Arriving at a company as a new (or sometimes, the first) Product Manager can be daunting. Product Management is usually introduced in an organization once there is a such a high level of internal enthusiasm and chaos that the leaders aren’t sure how to handle it any more. And then everyone looks to the Product Manager — you — to “manage stuff”.
It’s easy to get overwhelmed by how much there is to do when you step into a stressful role like Product Management. So here are some recommendations on how to spend your first 3 months at a new company.
First 30 days: Understand the product, the market, and the company culture
The goal of the Product Manager is “to deliver measurable business results through product solutions that meet both market needs and company goals”. With that in mind, spend the first 30 days learning and understanding:
- The product. What does the company sell? What does the product do? How does it work? What is the value proposition? What problems does it solve for customers? What features does it have? What kind of bugs does it have? What are the main usability issues?
- The market. Who currently uses the product? What are they like? What are their characteristics? What do they like and not like about the product? Who is the target market? Are there personas for each different type of person in the target market? What are macro and micro market needs addressed by the product? Who are the competitors?
- The current product/market fit. Are you in a good market with a product that can satisfy the market? What are the gaps that you need to close between what the product does, and what the market needs, to ensure a better fit?
- The company culture. Talk to as many people as possible in the organization — from marketing to finance to design to engineering — to understand how things work. What do people like about the product development process? What do they hate? Do designers feel like they have enough time to do their work? Do developers have what they need to program effectively?
- Ensure the PM role is properly understood. For a Product Manager to be effective, the organization needs to understand that PMs should have autonomy over the products they manage. Executive buy-in is a prerequisite for success, so make sure that it’s well understood that even though everyone gets a voice, not everyone gets to decide. As Seth Godin once said, “Nothing is what happens when everyone has to agree.”

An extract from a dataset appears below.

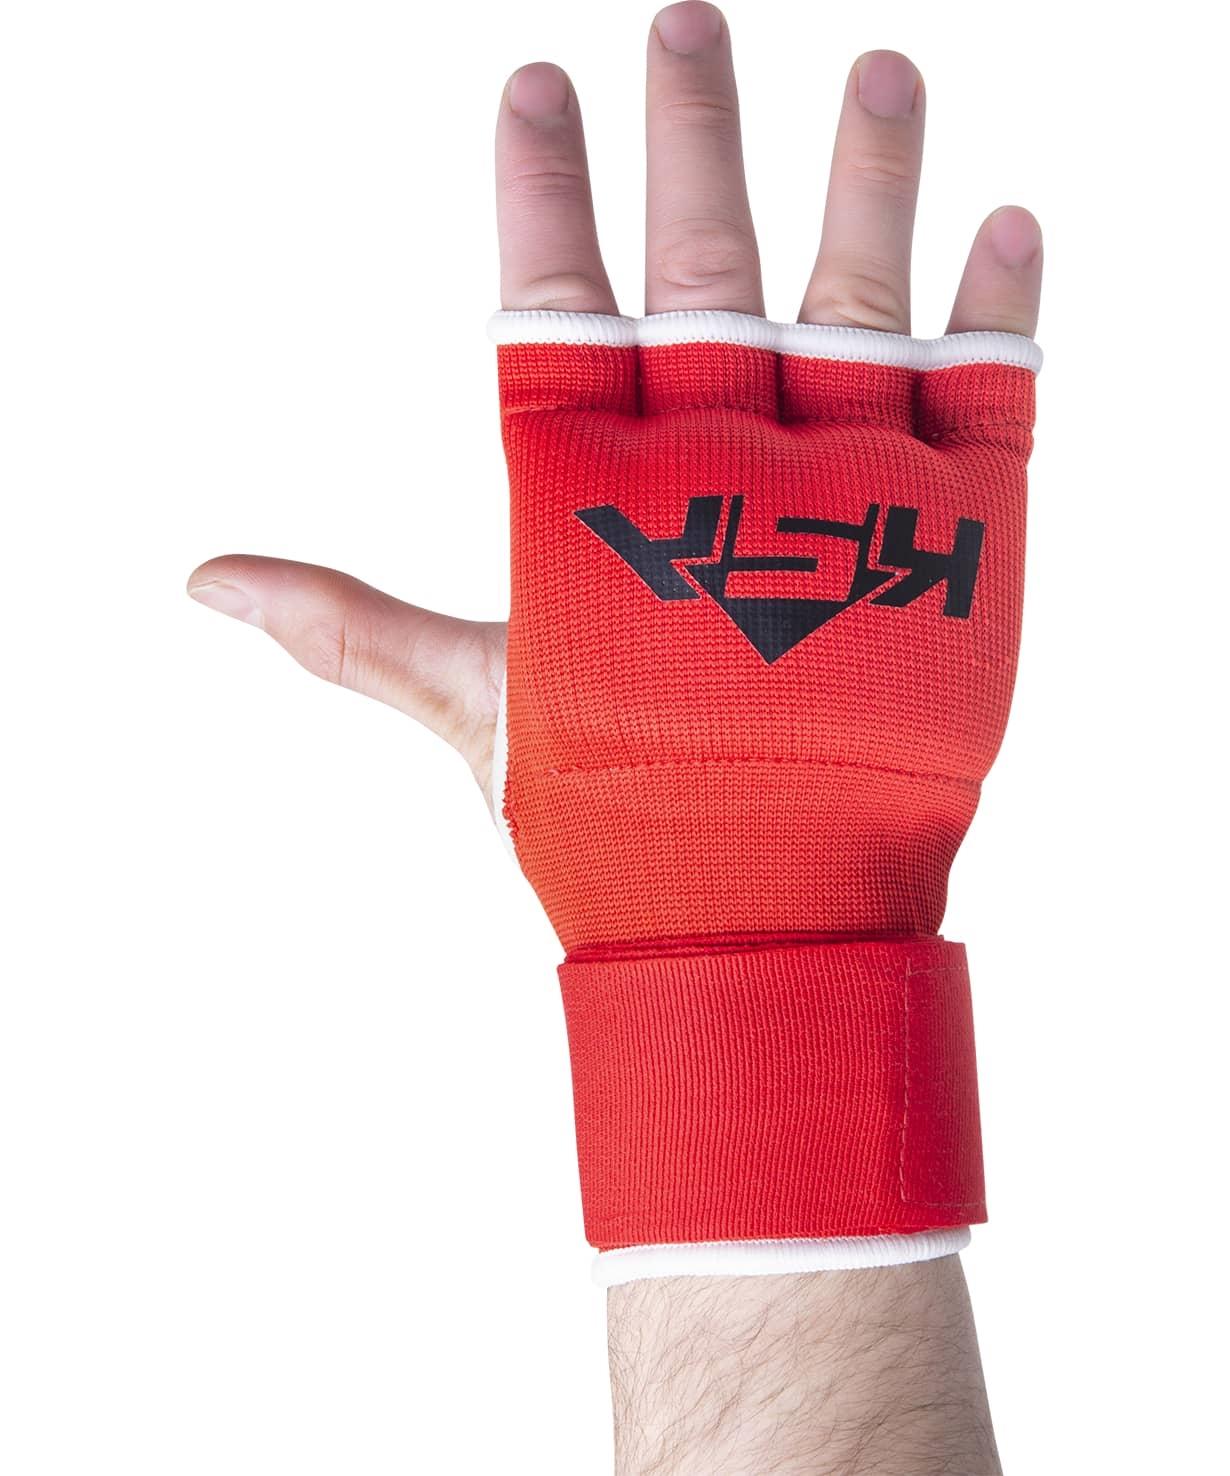 Внутренние перчатки для бокса Cobra Red, S

Next 30 days: Develop a strategic product plan
Based on what you learn in the first 30 days, start the product planning phase:
- Run a Product Discovery workshop to start identifying user needs, business needs, and technical needs, and to create a problem frame diagram.
- Develop personas and user journeys, and start brainstorming ideas for product development with the team.
- Work with the team to prioritise ideas and start building a roadmap for development. Consider methods like the KJ-technique or the Kano model as a way to formalize prioritization efforts.
- Identify success measures — define how you’ll know if what you’re doing is having the desired impact. The 3 A’s (Acquisition, Activation, Activity) are always a good start.
- Put the appropriate processes in place to ensure effective product development lifecycles. This means knowing what kind of requirements and specifications developers need to start working, how research and design fits into the process, where marketing becomes involved, how QA should work, etc. You can only do this once you understand the current culture, and what the strategic plan will be going forward.
All of the above goes into a document called the strategic product plan. Among other things, this plan includes statements about the product’s value proposition, who the market is (customer profiles), how you plan to achieve product/market fit (the business opportunity, pricing, distribution), what the priorities are, a first stab at the roadmap, and proposed success measures.
Next 30 days: Start executing on the strategic product plan
Now that the plan and the initial roadmap are in place, start the product execution phase:
- Start with a reasonably small requirement with clear and easily measurable success metrics. Work with the team to get it done right.
- Measure, and show the success of the process. Use this to build trust and continue to ship improvements (and even better products).
- Assess the situation, and use customer and business feedback to adjust priorities (and the roadmap) as needed. Flexibility is key.
- Keep going. Repeat any of the initial steps as needed.
- Have fun while you’re doing all of this.
The life of a Product Manager has an exhausting, exhilarating rhythm that is beyond the scope of this article. But spending your first 3 months systematically moving from product planning to product execution will not only give you a solid foundation from which to improve the product, but also ensure that you hit the ground running by shipping the right improvements as early as possible.
I posted an earlier version of this article as an answer on Quora.